What you need to do:
Pictures in the data should be dropped; transcribe exactly the lines from the one that has "عکس در شب پوکو ایکس 3" through the one that has "c099a8e0 Tailored Fit".
*** Supplied records Section Begins ***
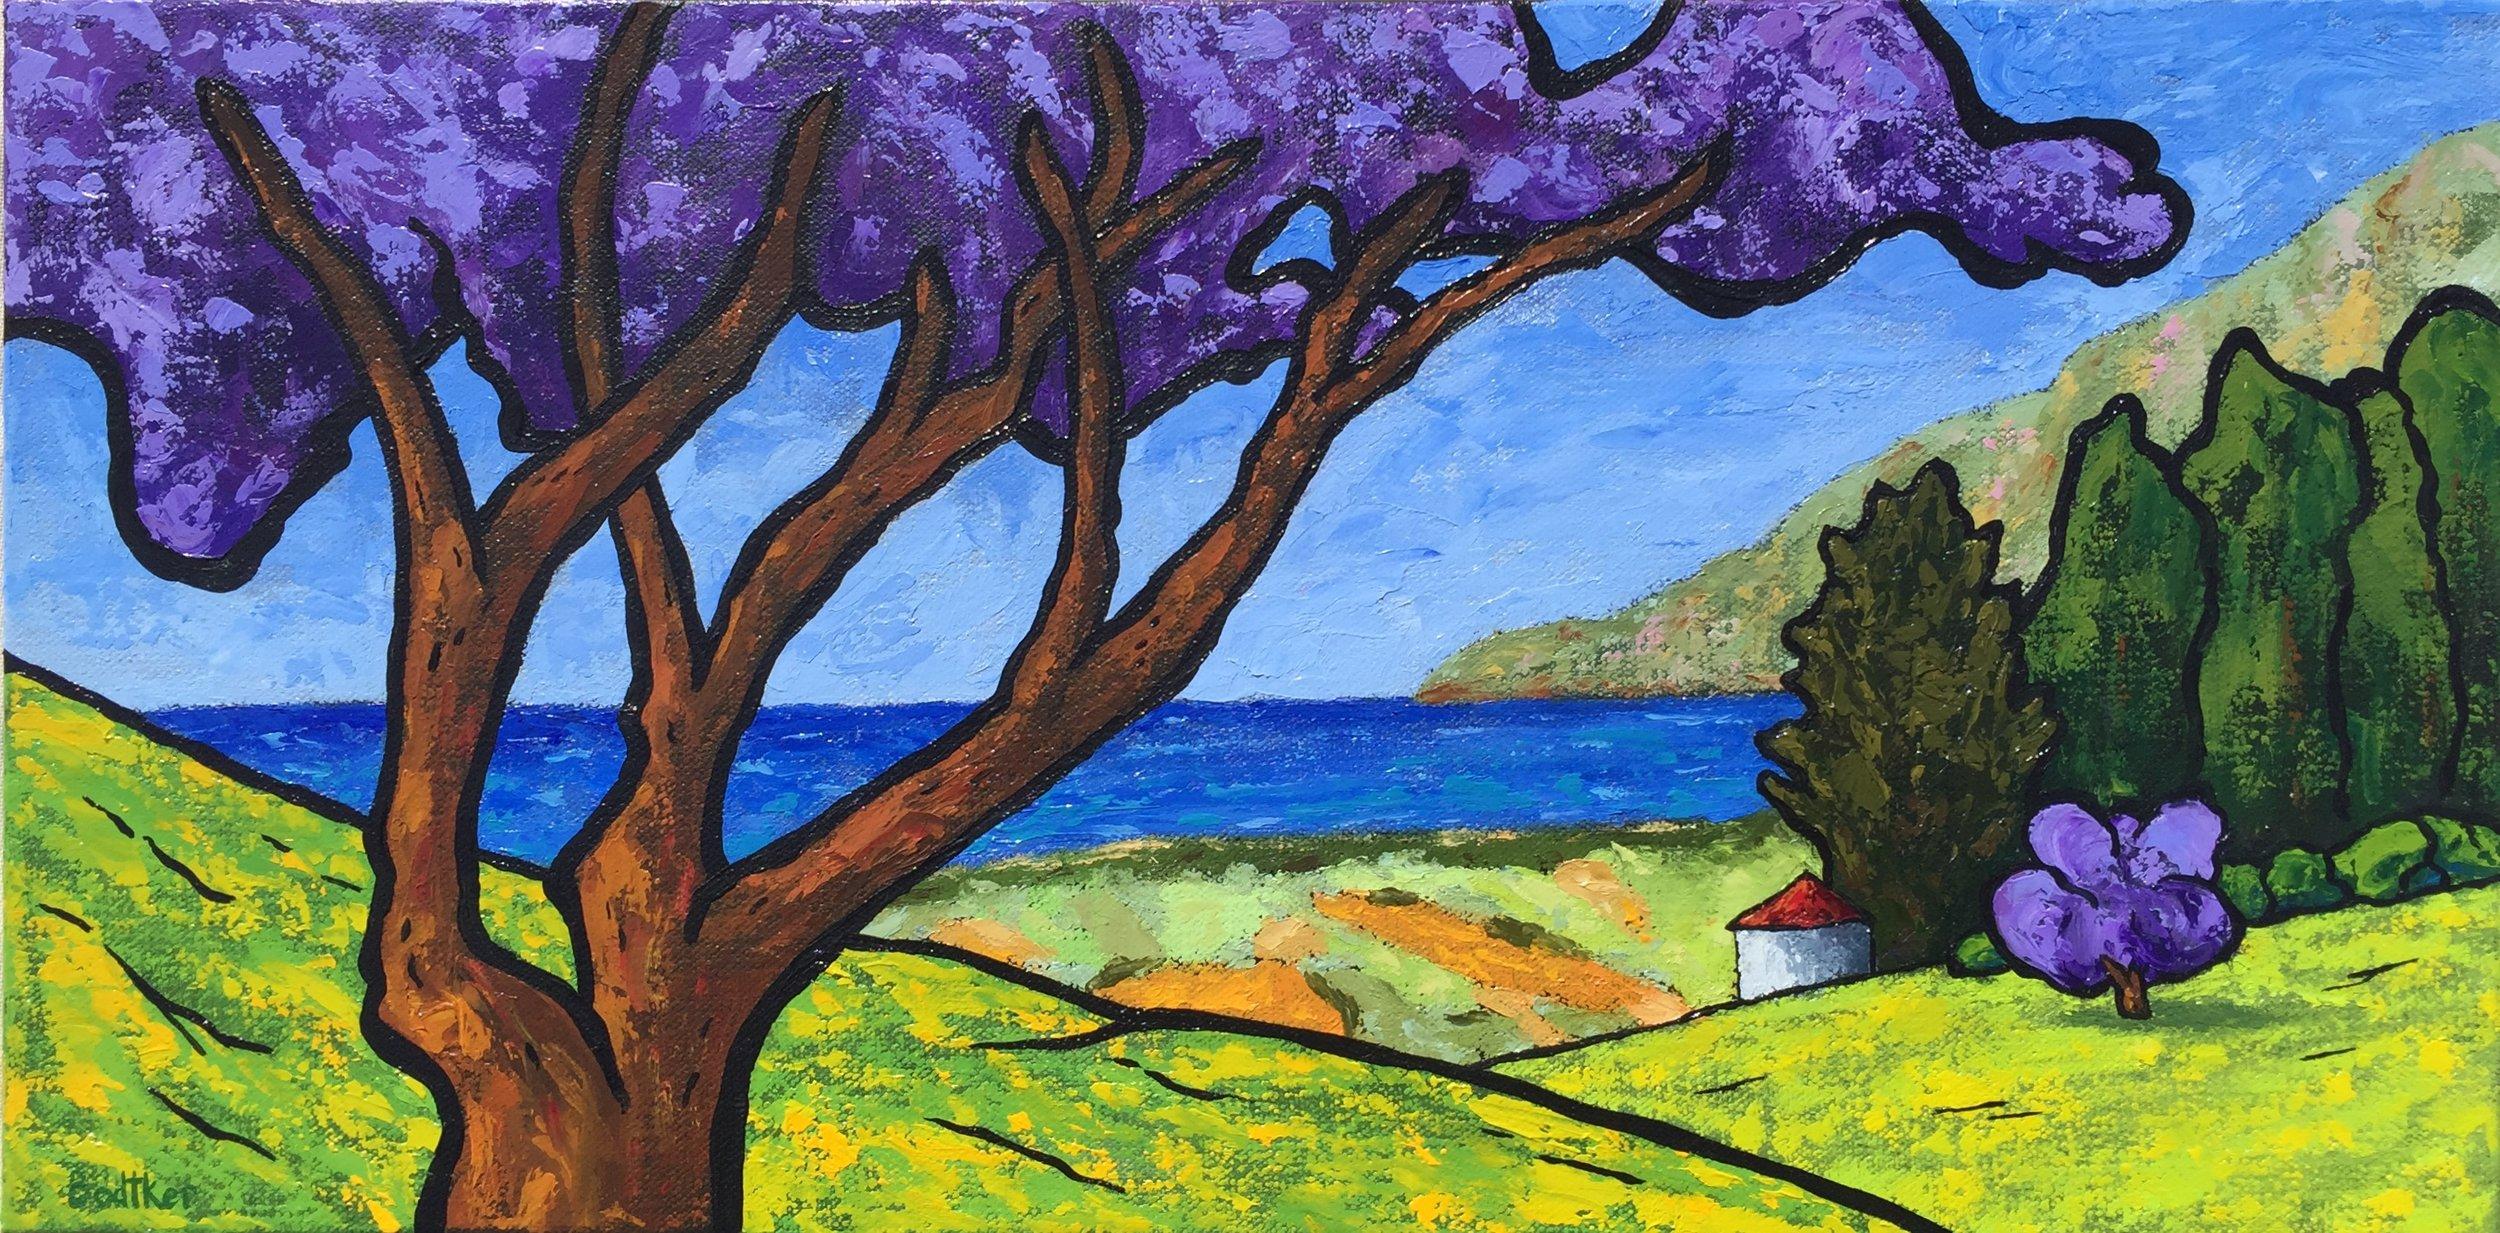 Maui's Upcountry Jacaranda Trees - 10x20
*** Supplied records Section Ends ***
*** Supplied records Section Begins ***
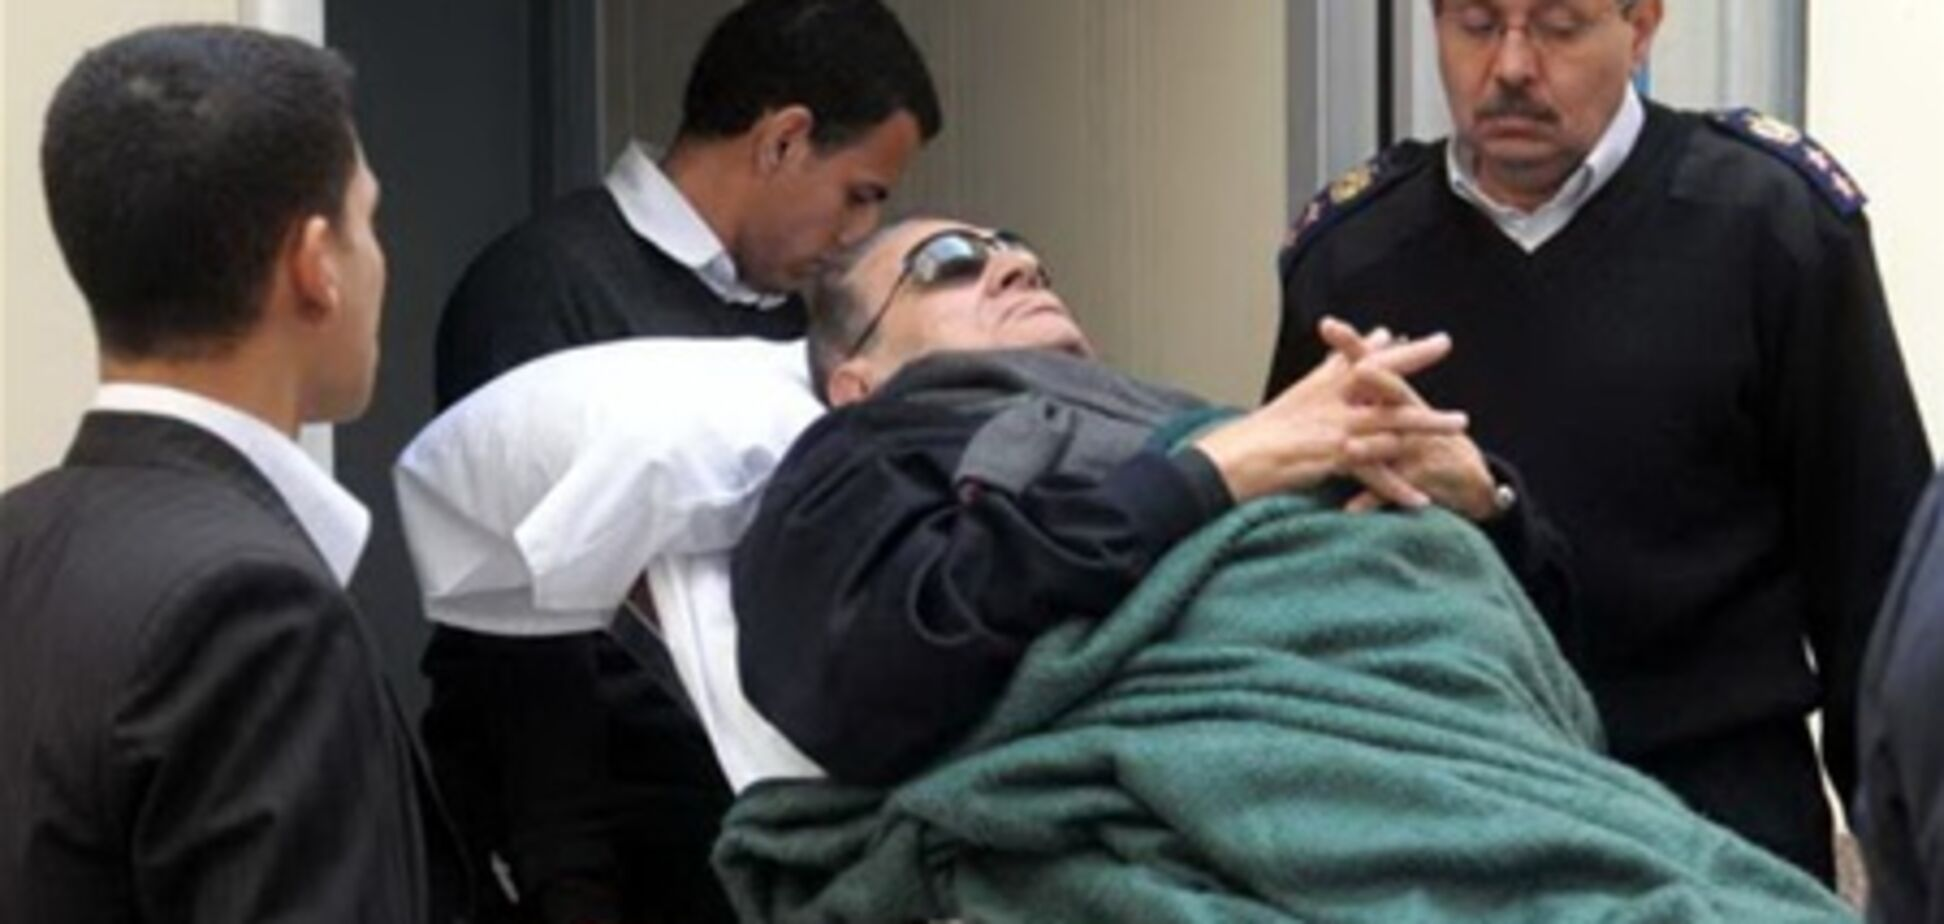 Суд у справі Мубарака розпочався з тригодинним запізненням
*** Supplied records Section Ends ***
*** Supplied records Section Begins ***
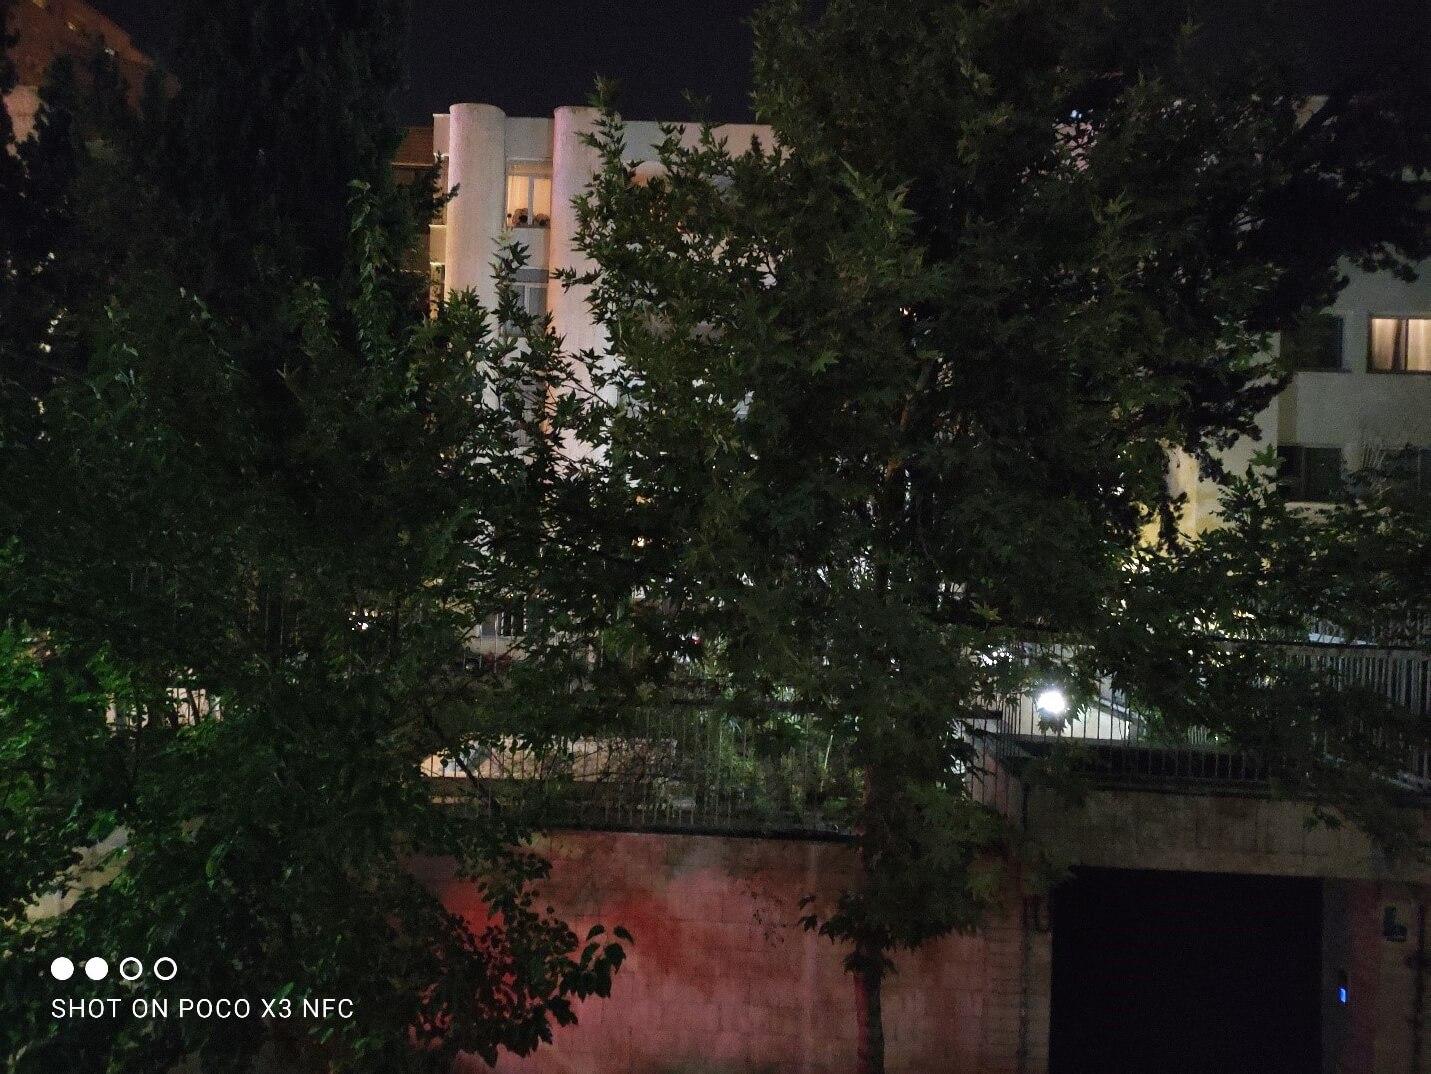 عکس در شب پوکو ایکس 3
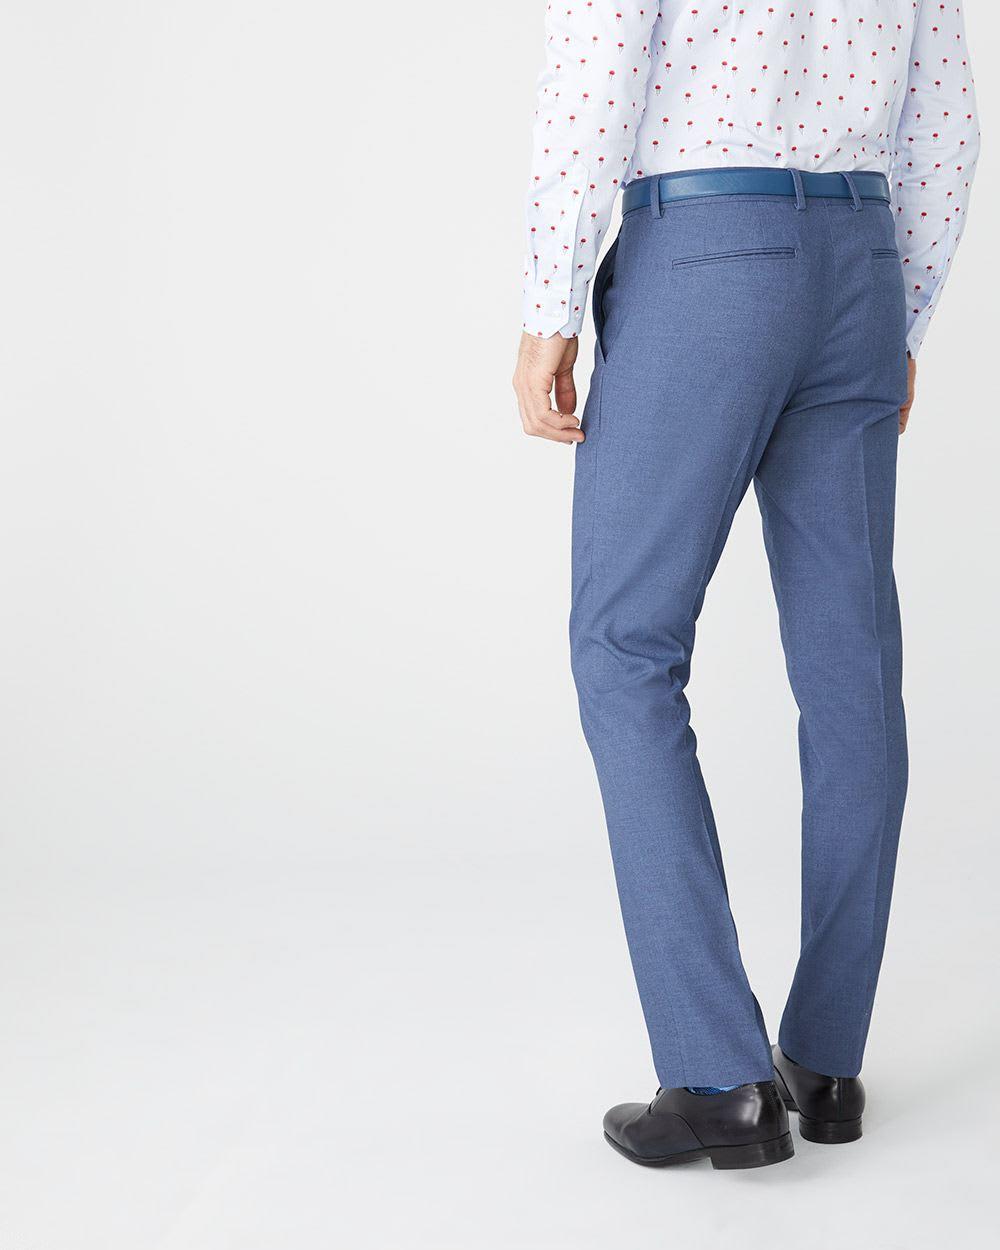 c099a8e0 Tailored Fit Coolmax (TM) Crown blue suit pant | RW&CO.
*** Supplied records Section Ends ***
Solved exercise:
 عکس در شب پوکو ایکس 3
 c099a8e0 Tailored Fit Coolmax (TM) Crown blue suit pant | RW&CO.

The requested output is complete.